Como a Duna é muito nervosa, demos-lhe um tranquilizante, o tranquilizante só tem efeito 4 horas, por isso e como ela estava calma, demos apenas na hora de embarque.

No aeroporto, no check-in eles pesam a cadela e depois só mesmo quase na hora de embarcar é que se leva o animal à zona de bagagem fora de formato e já está.

Duna a embarcar sozinha

Vemo-nos do outro lado do Atlântico Duna.

Vamos? Como surge a nossa ideia

A Ideia

Não vos vou mentir, o meu sonho sempre foi ir dar a volta ao mundo. Para quem me conhece, sabe que eu ando sempre com mil coisas a fazer, seja trabalhar para os outros  e estudar ao mesmo tempo, ou acumular com um trabalho por conta própria. Então, como é que eu ia desligar e viajar? Sempre que pensava nisto só me vinha uma palavra à cabeça – “boooooooring”.  Precisava de uma ideia para tornar a viagem mais rica.

Pertenço a uma geração “multitasking” eu sabia que apenas a viajar, por mais enriquecedor que isso fosse, me iria aborrecer. Preciso de me sentir desafiada a cada minuto, preciso de saber que a aprendizagem é constante.
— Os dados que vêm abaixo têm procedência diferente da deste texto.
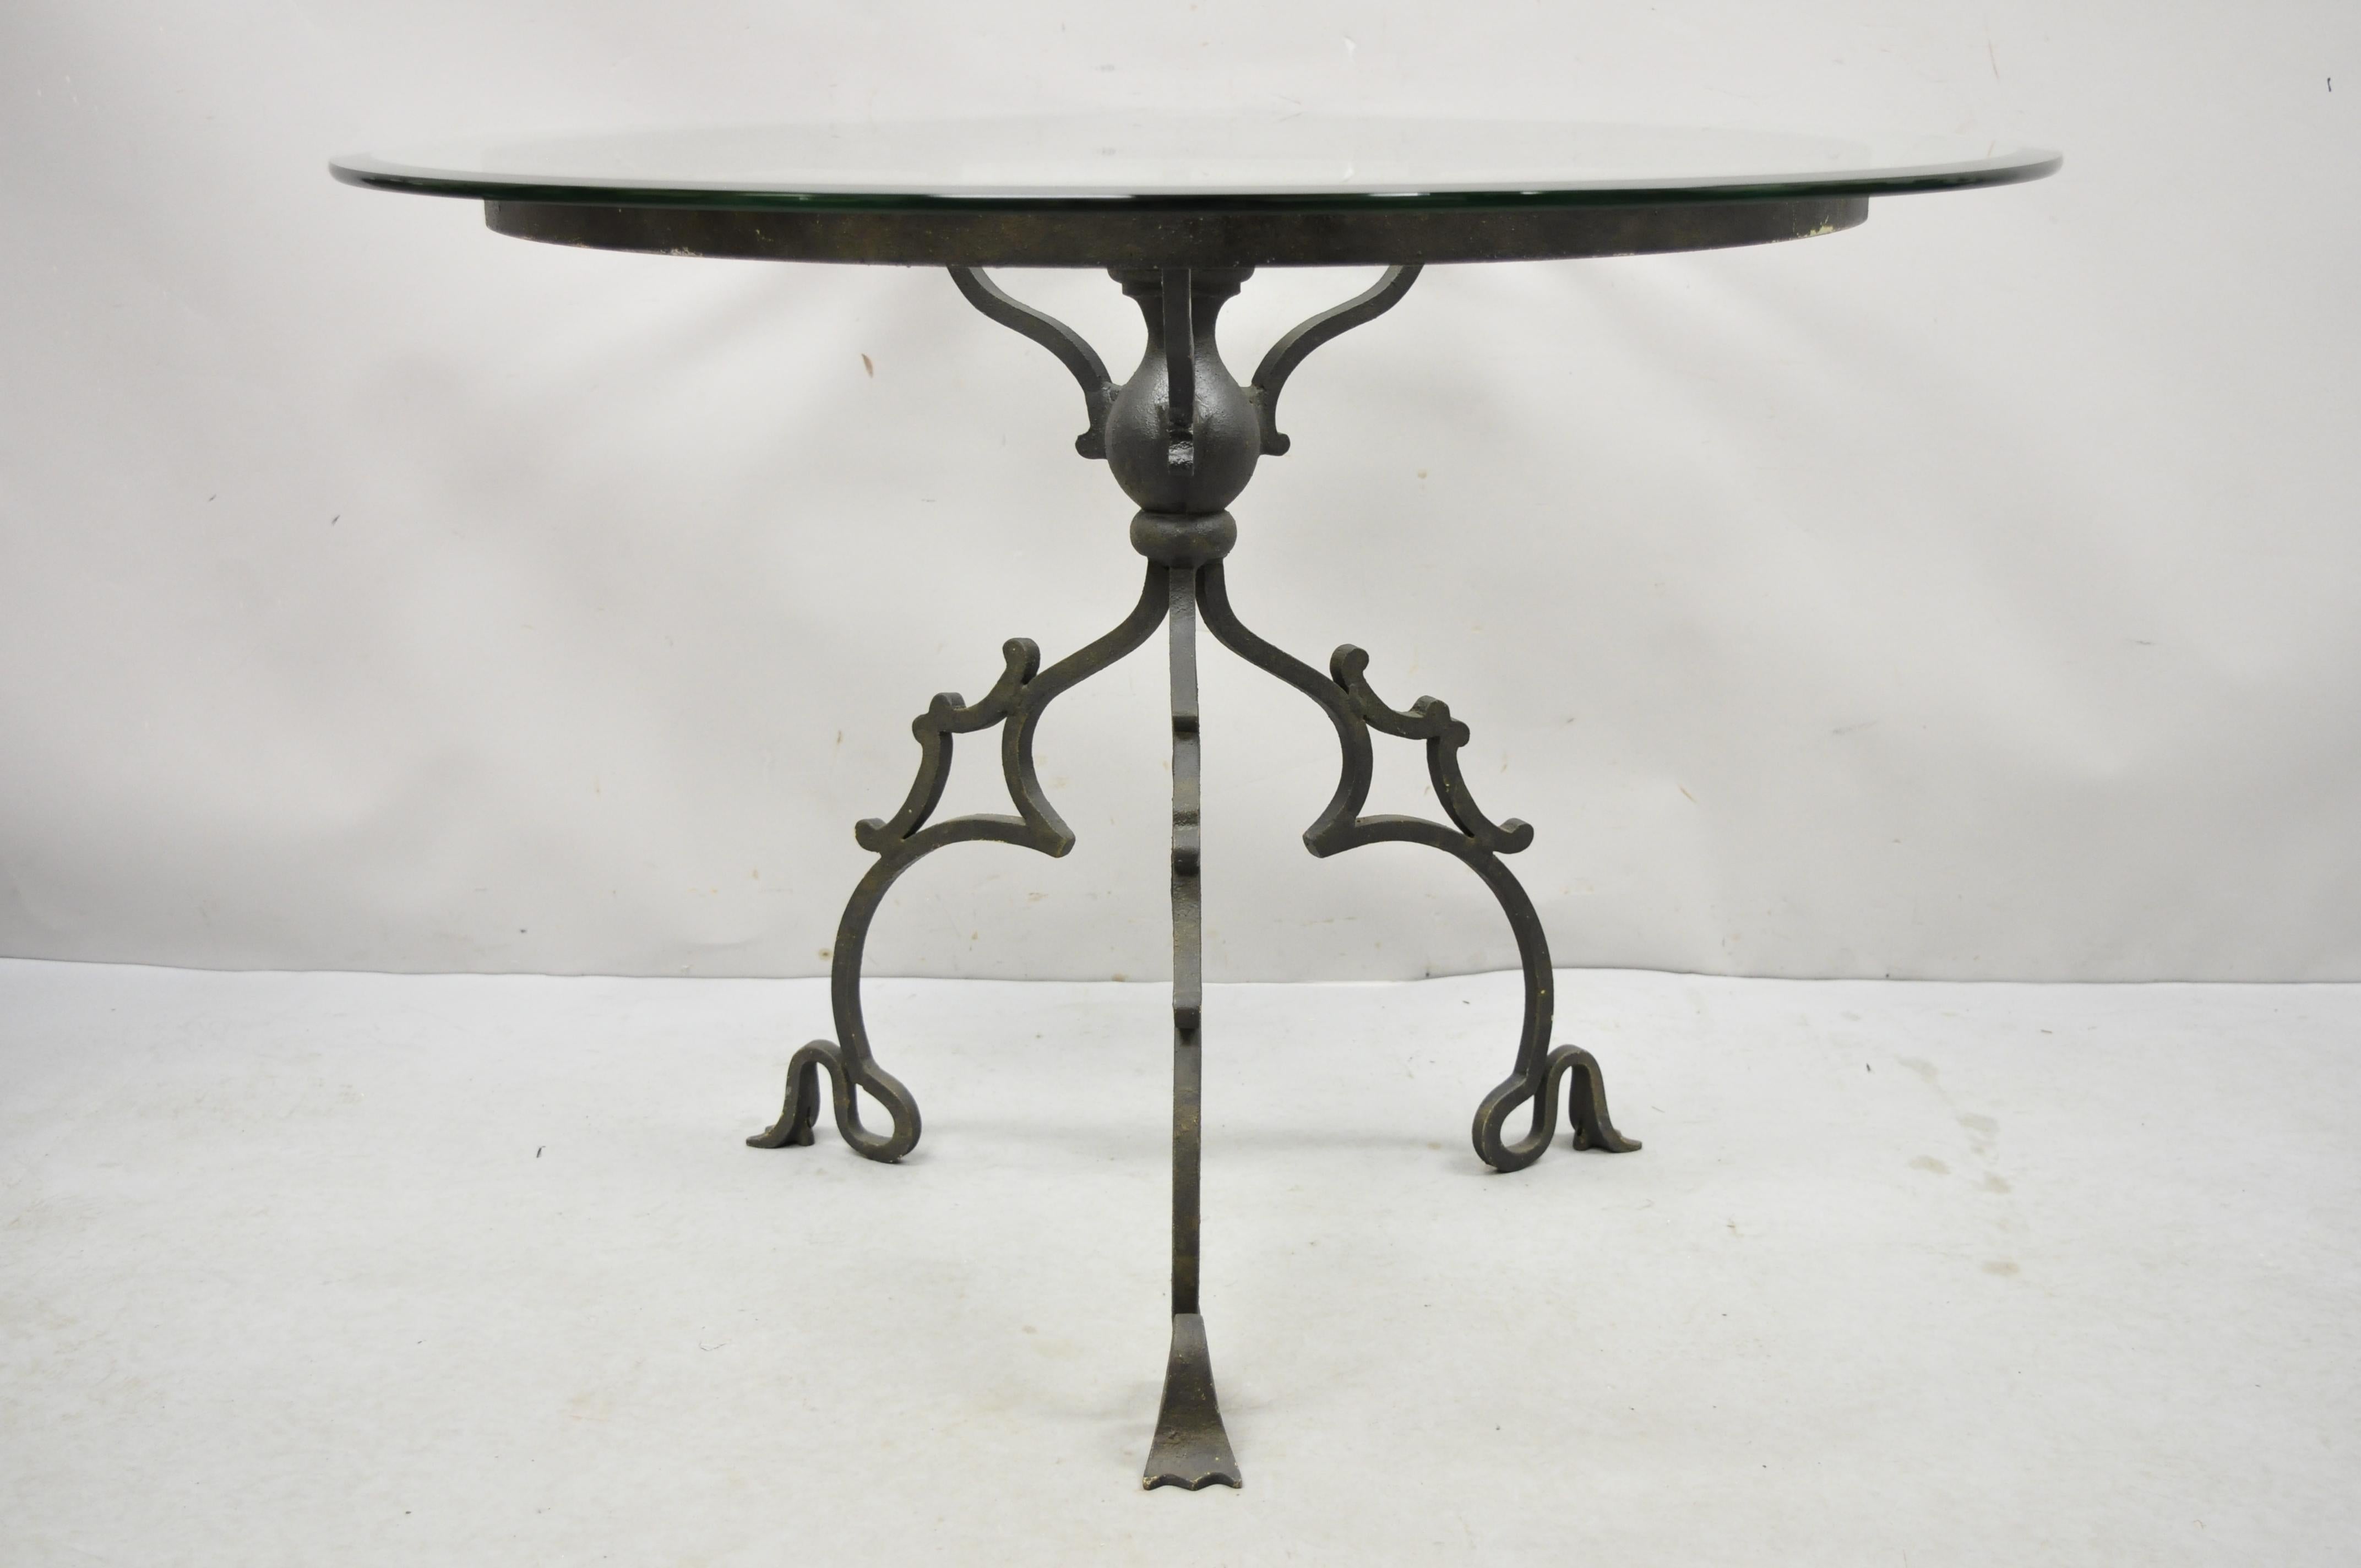 Wrought Iron Gothic style scrolling base round glass top center table. Item features a ornate wrought iron scrolling gothic style base, round glass top, quality craftsmanship, great style form, base alone 50lbs. Circa Mid to Late 20th Century.

Foi numa viagem de avião,  que surgiu o mote, fico sempre inspirada nas viagens. Ia aliar o meu sonho de viajar com a minha paixão de fazer pessoas felizes.  Podem dizer que sou uma sonhadora, mas não sou a única,  já dizia  o John Lennon. Pensei que seria único mostrar ao mundo que o amor está em todo o lado. Comecei pela ideia de vos falar de atos de bondade. Contudo o amor tem uma magia muito especial e com novas formas de casamento a ser liberalizadas achei que estar presente neste dia especial de um casal onde a família e os amigos se juntam e onde vemos tradições únicas de cada país seria E-S-P-E-T-A-C-U-L-A-R.

Eu organizo casamentos, sou apaixonada por festas e eventos. Mas acho os casamentos únicos, e não há um casamento em que não chore de alegria,  seja na primeira dança, ou no corte do bolo debaixo de fogo de artificio.

Assim este blog será não só sobre pequenos atos de bondade que presenciamos a cada dia nos sítios para onde formos. Mas também atos de bondade que nos próprios pratiquemos e até vos contaremos histórias de casais no mundo todo. O nosso objetivo é fotografar dois casamentos em cada país que visitemos. Quem nos dá uma ajuda?

Informação importante: Os casamentos serão fotografados sem cobrar valor nenhum. Queremos contar historias e queremos ser mais um fotografo presente neste dia que tem um olhar diferente sobre o evento. Eu sou organizadora de casamentos ofereço-me para trabalhar neste dia, enquanto o Ivo fotógrafa.